— Problem statement —
No pictures belong in the copy. Set down exactly the lines from the one that contains "Shoji Animal Design" through the end of the data.

------ Provided data ------

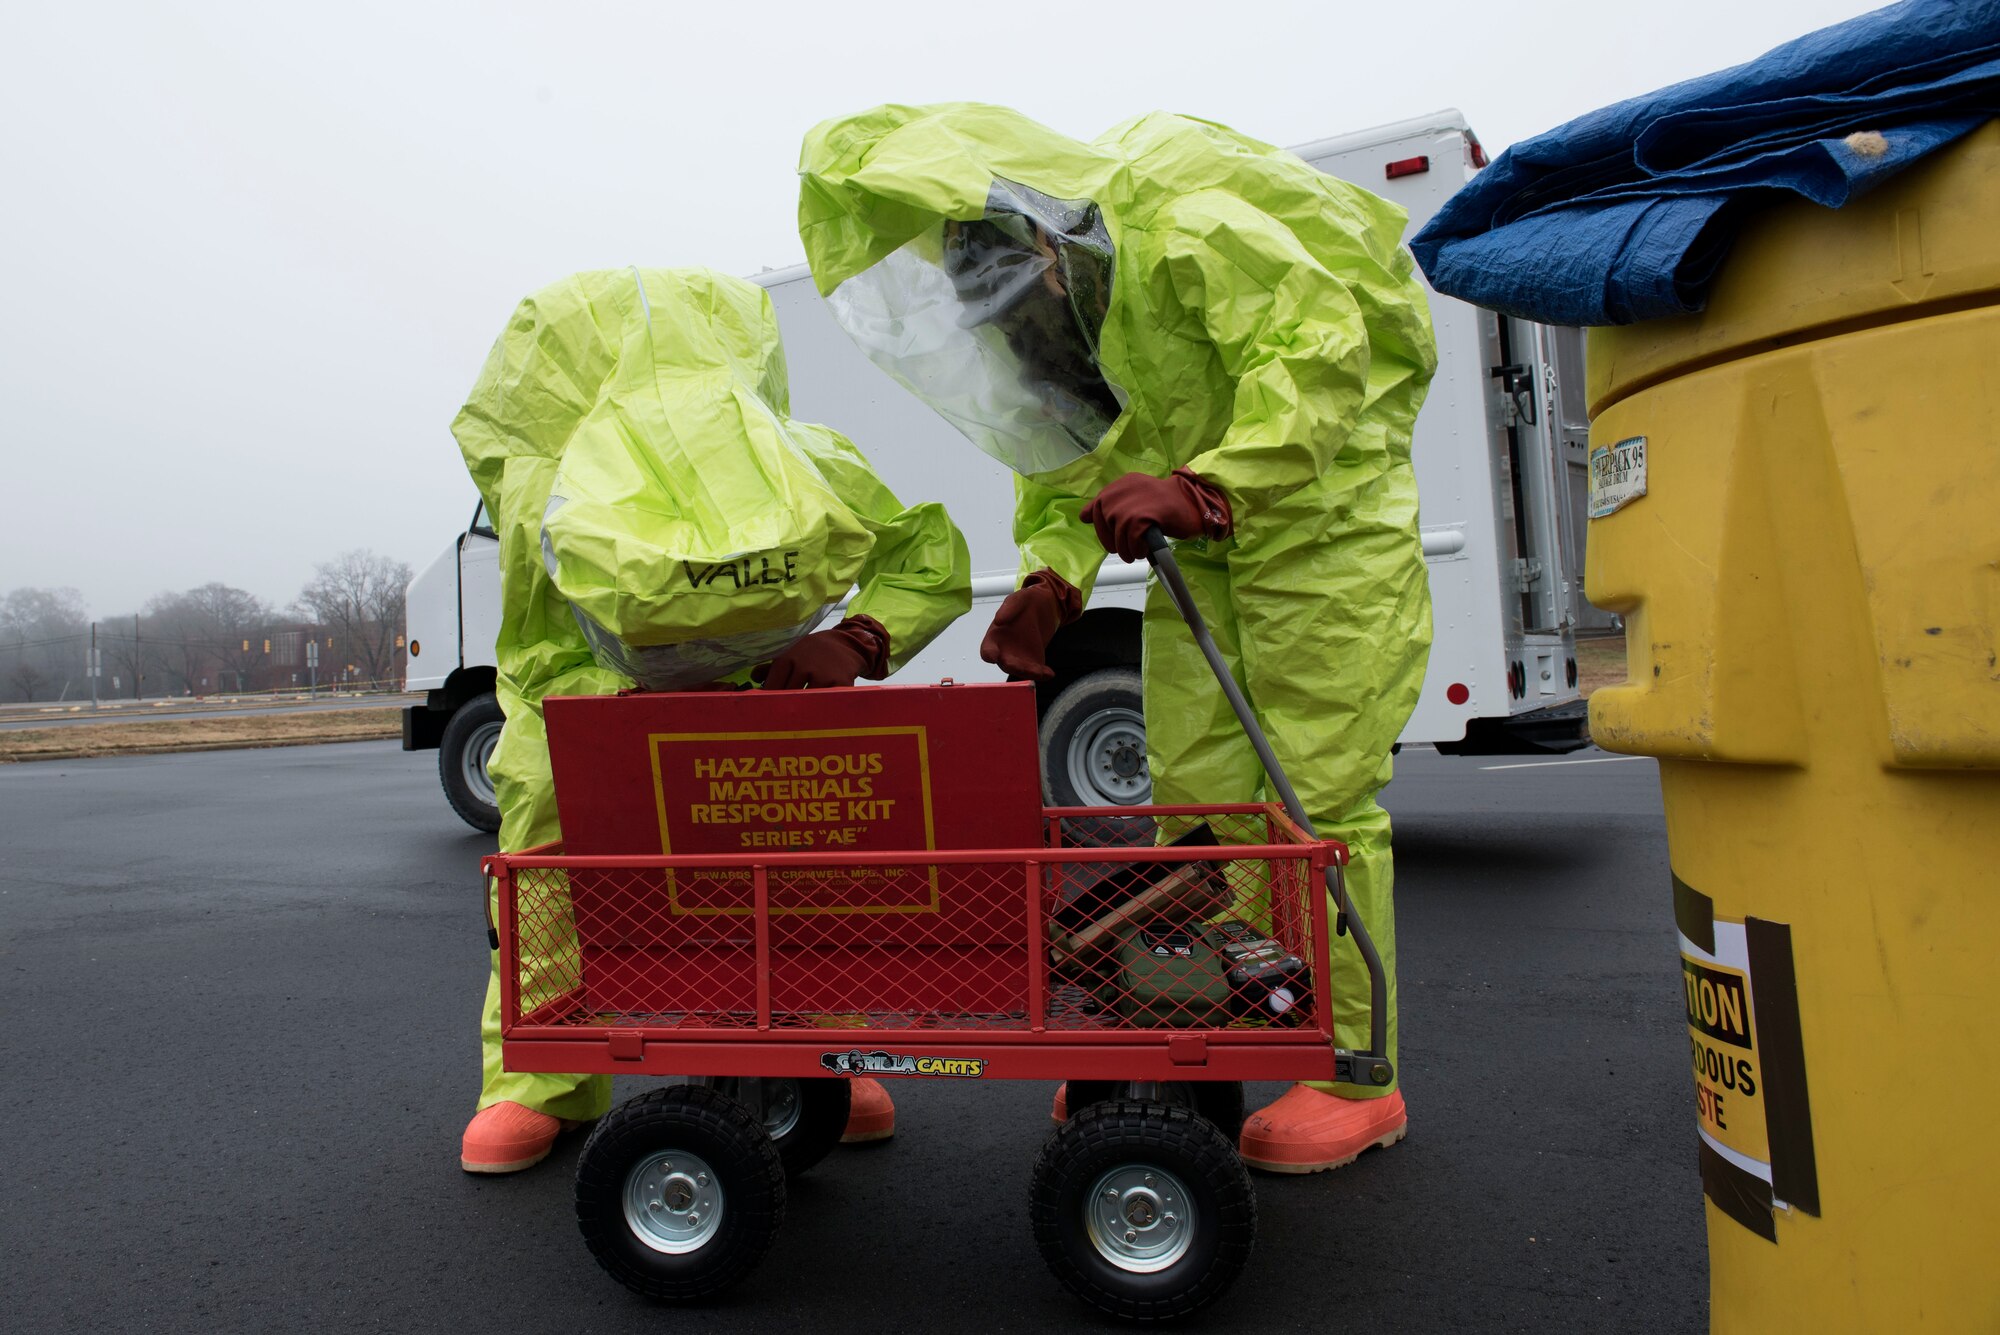 Members of the 4th Civil Engineer Squadron emergency management team, conduct hazardous material response procedures during a HAZMAT Spill Response exercise, Dec. 9, 2019, in Goldsboro, N.C.
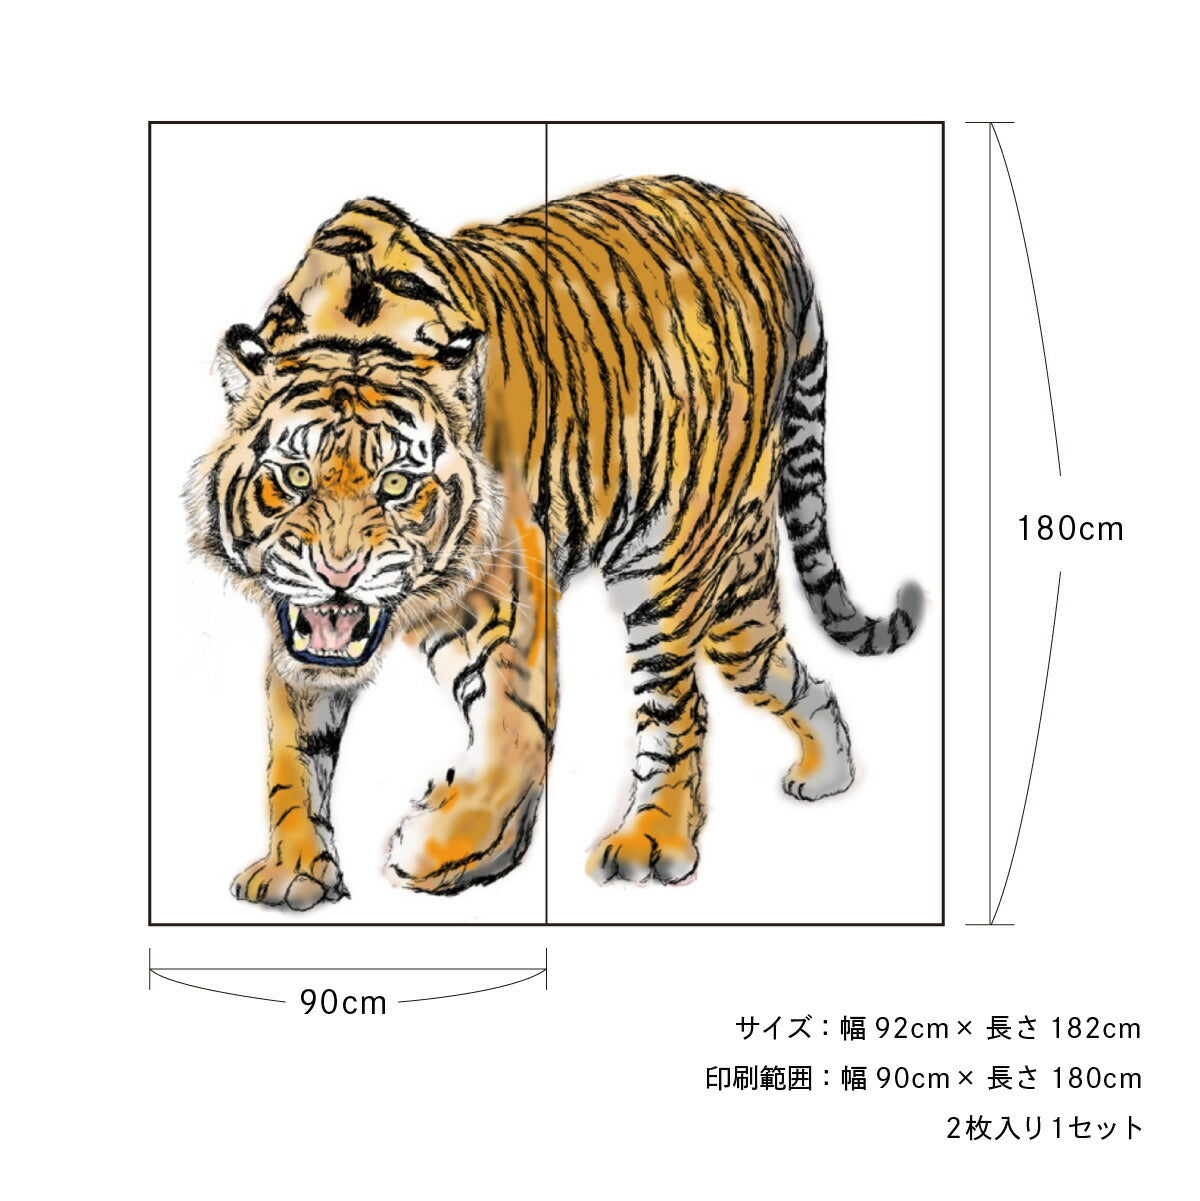 Shoji Animal Design Shoji Paper Cheat Sheet tiger_07S Roar 92cm x 182cm 2 pieces Glue Type Asahipen Year of the Tiger Zodiac White Tiger Tiger Stylish Unique Western Style Japanese Pattern Art Design Modern<br>
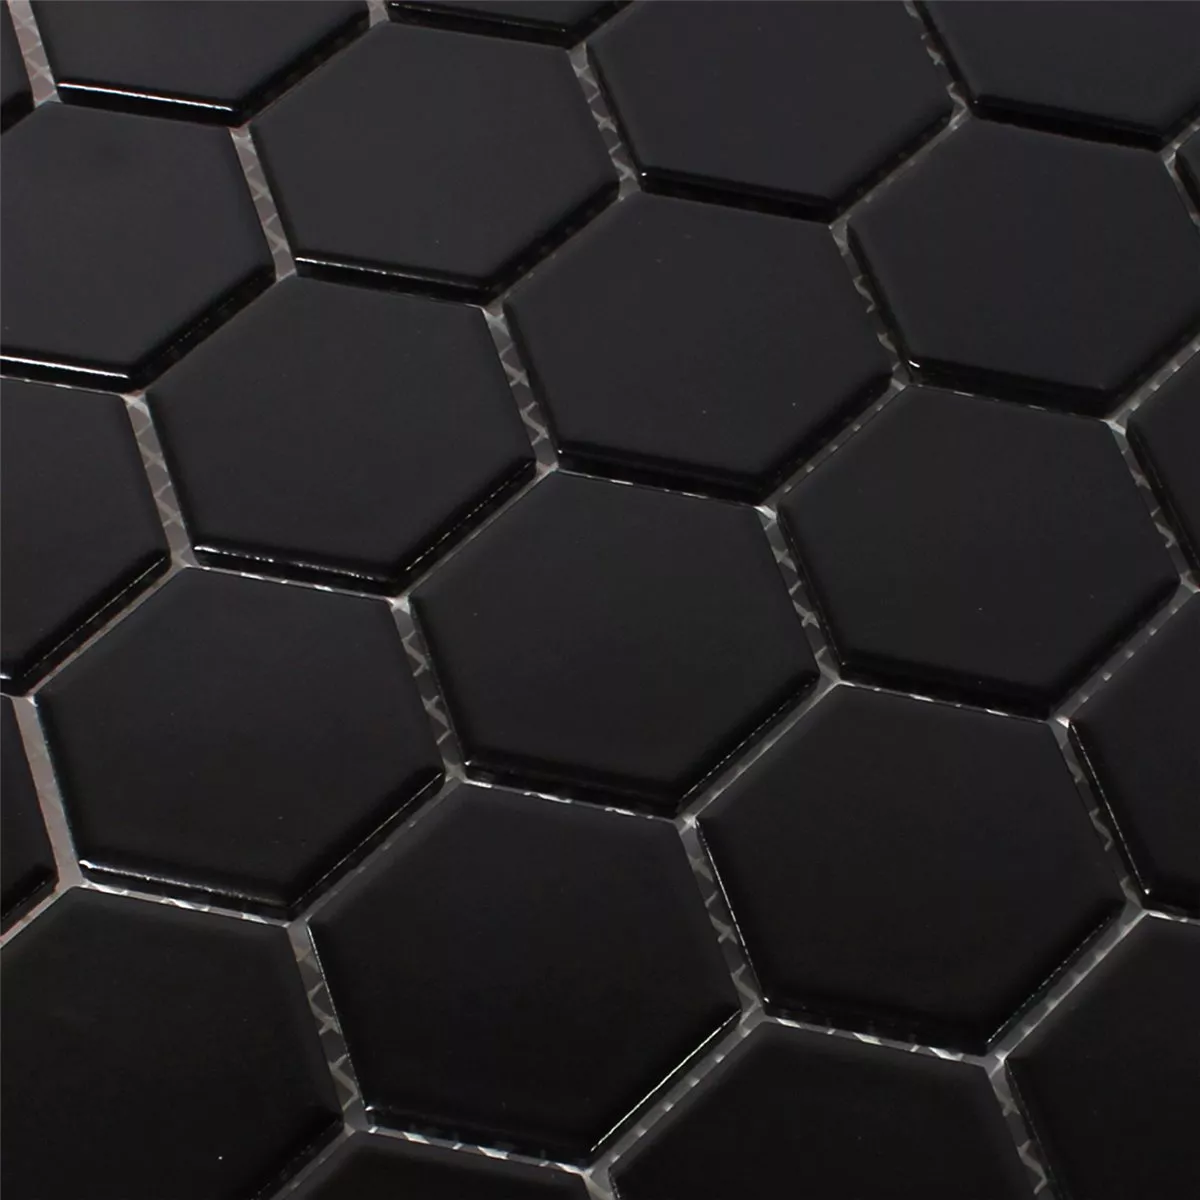 Sample Mosaic Tiles Ceramic Hexagon Black Mat

------

— Exercise response —
 Shoji Animal Design Shoji Paper Cheat Sheet tiger_07S Roar 92cm x 182cm 2 pieces Glue Type Asahipen Year of the Tiger Zodiac White Tiger Tiger Stylish Unique Western Style Japanese Pattern Art Design Modern<br>
 Sample Mosaic Tiles Ceramic Hexagon Black Mat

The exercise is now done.